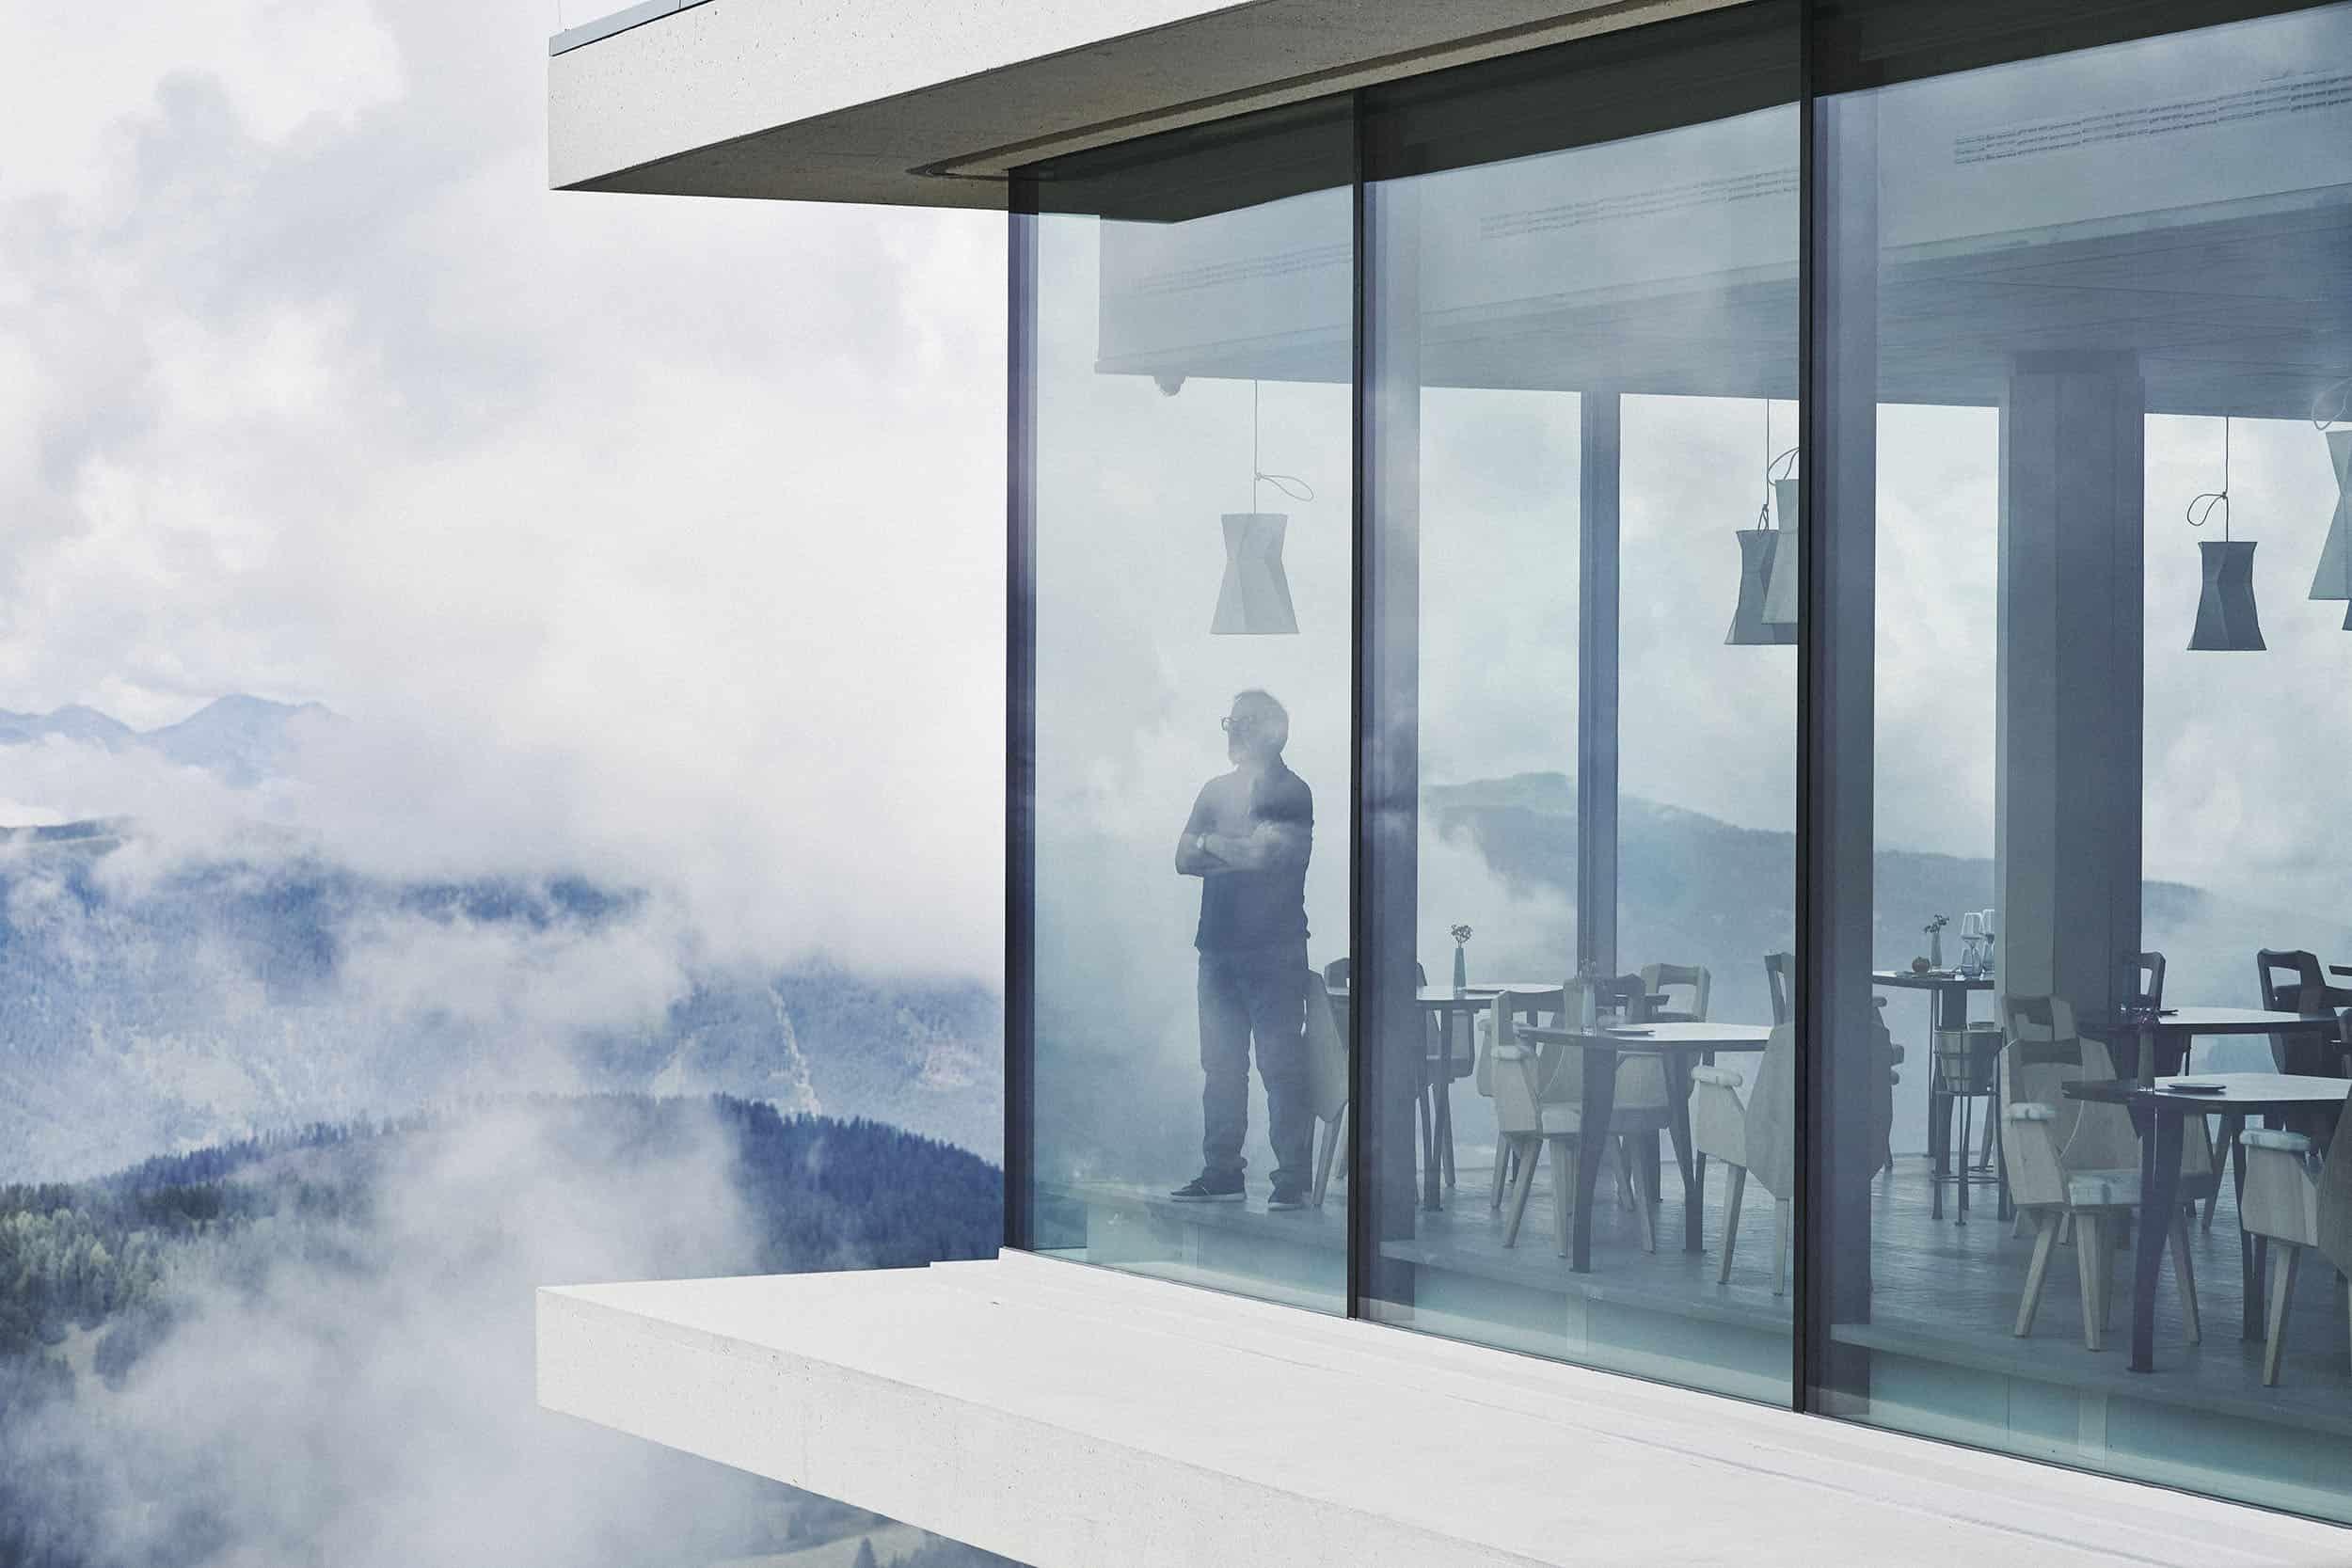 studio-ignatov-norbert-niederkofler-alpinn-imagekampagne-02
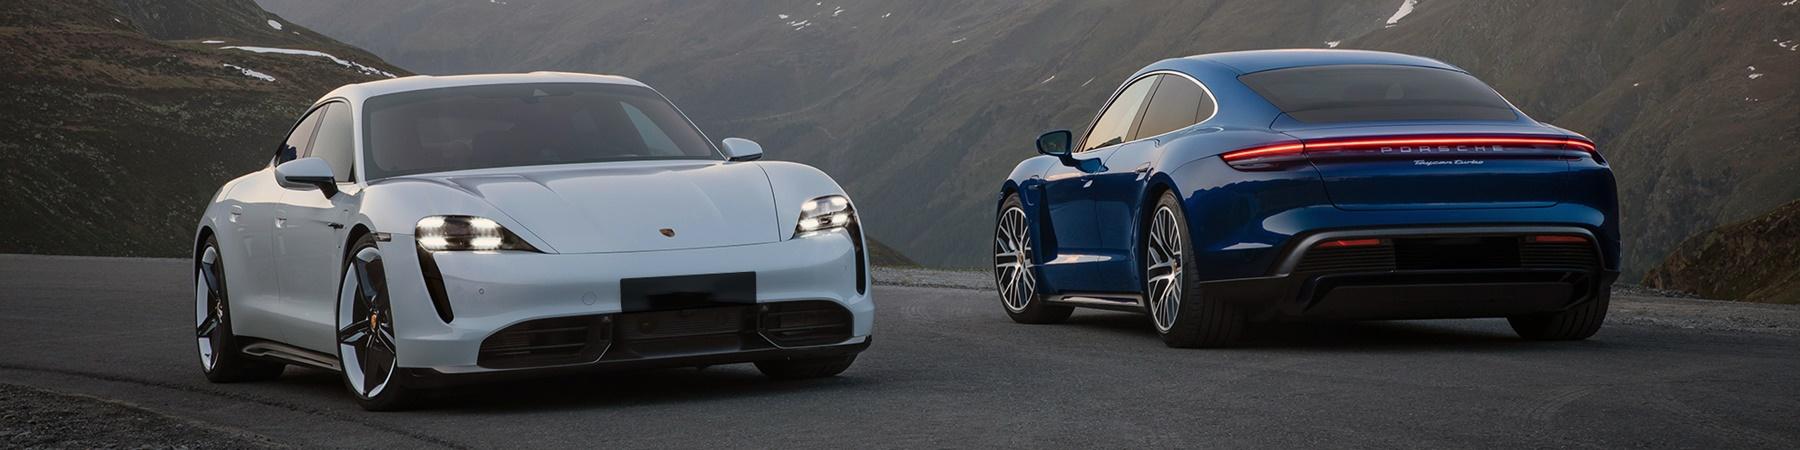 Porsche Taycan 71kWh 346 km actieradius
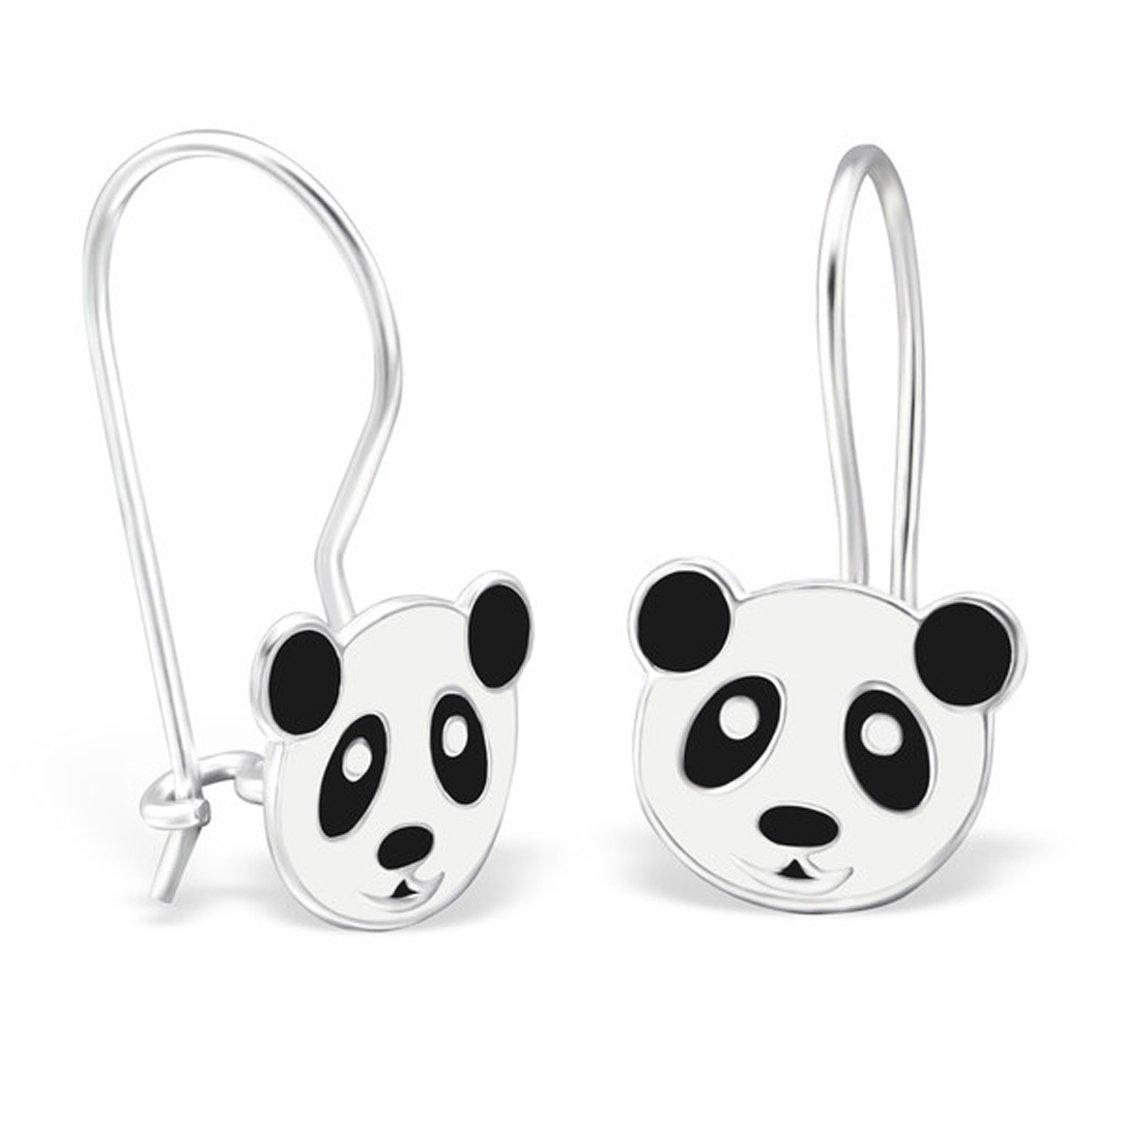 Cute Blak White Panda Bear Silver Earrings Dangle Girls 925 Stering Silver Nickle Free (28645)
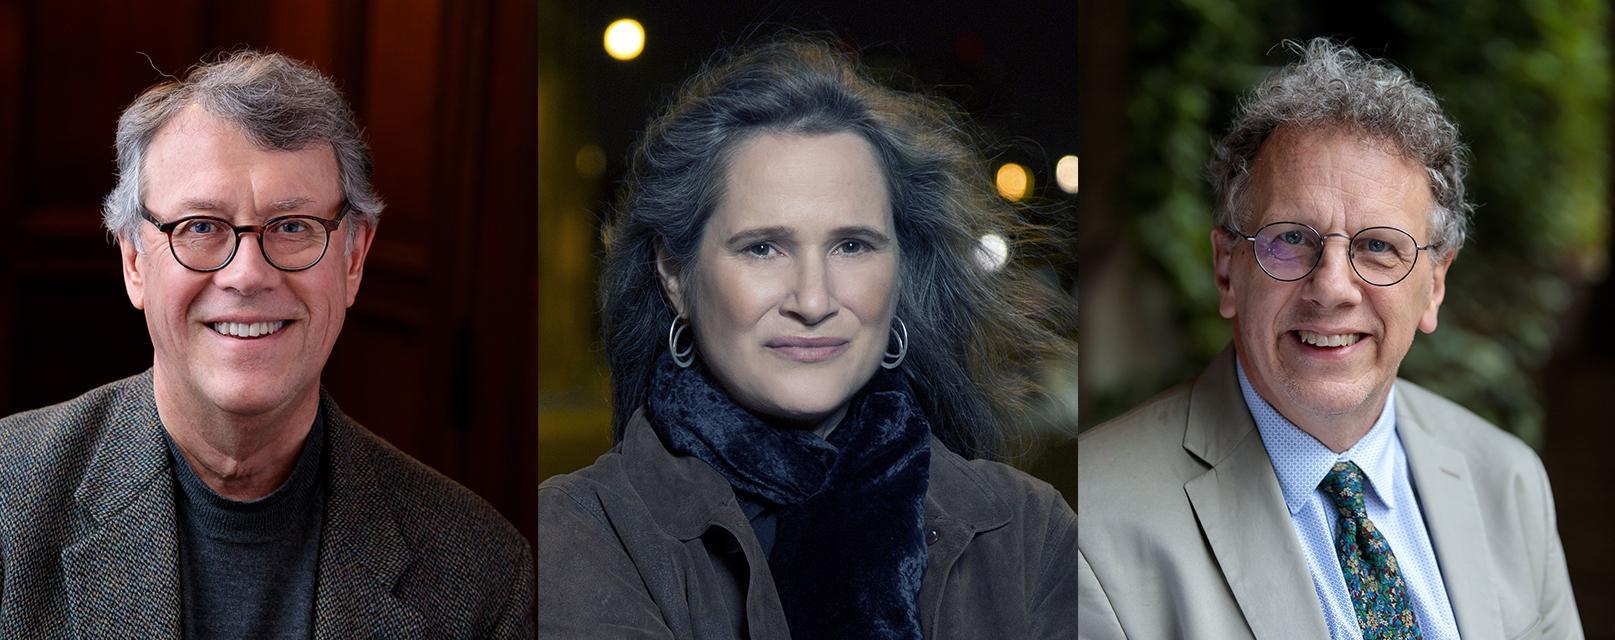 From left to right, Philip Bohlman, Martha Feldman, and Robert Kendrick headshots

══════

About this task – A word-for-word repeat of the lines from the line with "Cute Blak White" to the last line of the data, both ends included and pictures left out, is all that should appear.

Your solution –
 Cute Blak White Panda Bear Silver Earrings Dangle Girls 925 Stering Silver Nickle Free (28645)
 From left to right, Philip Bohlman, Martha Feldman, and Robert Kendrick headshots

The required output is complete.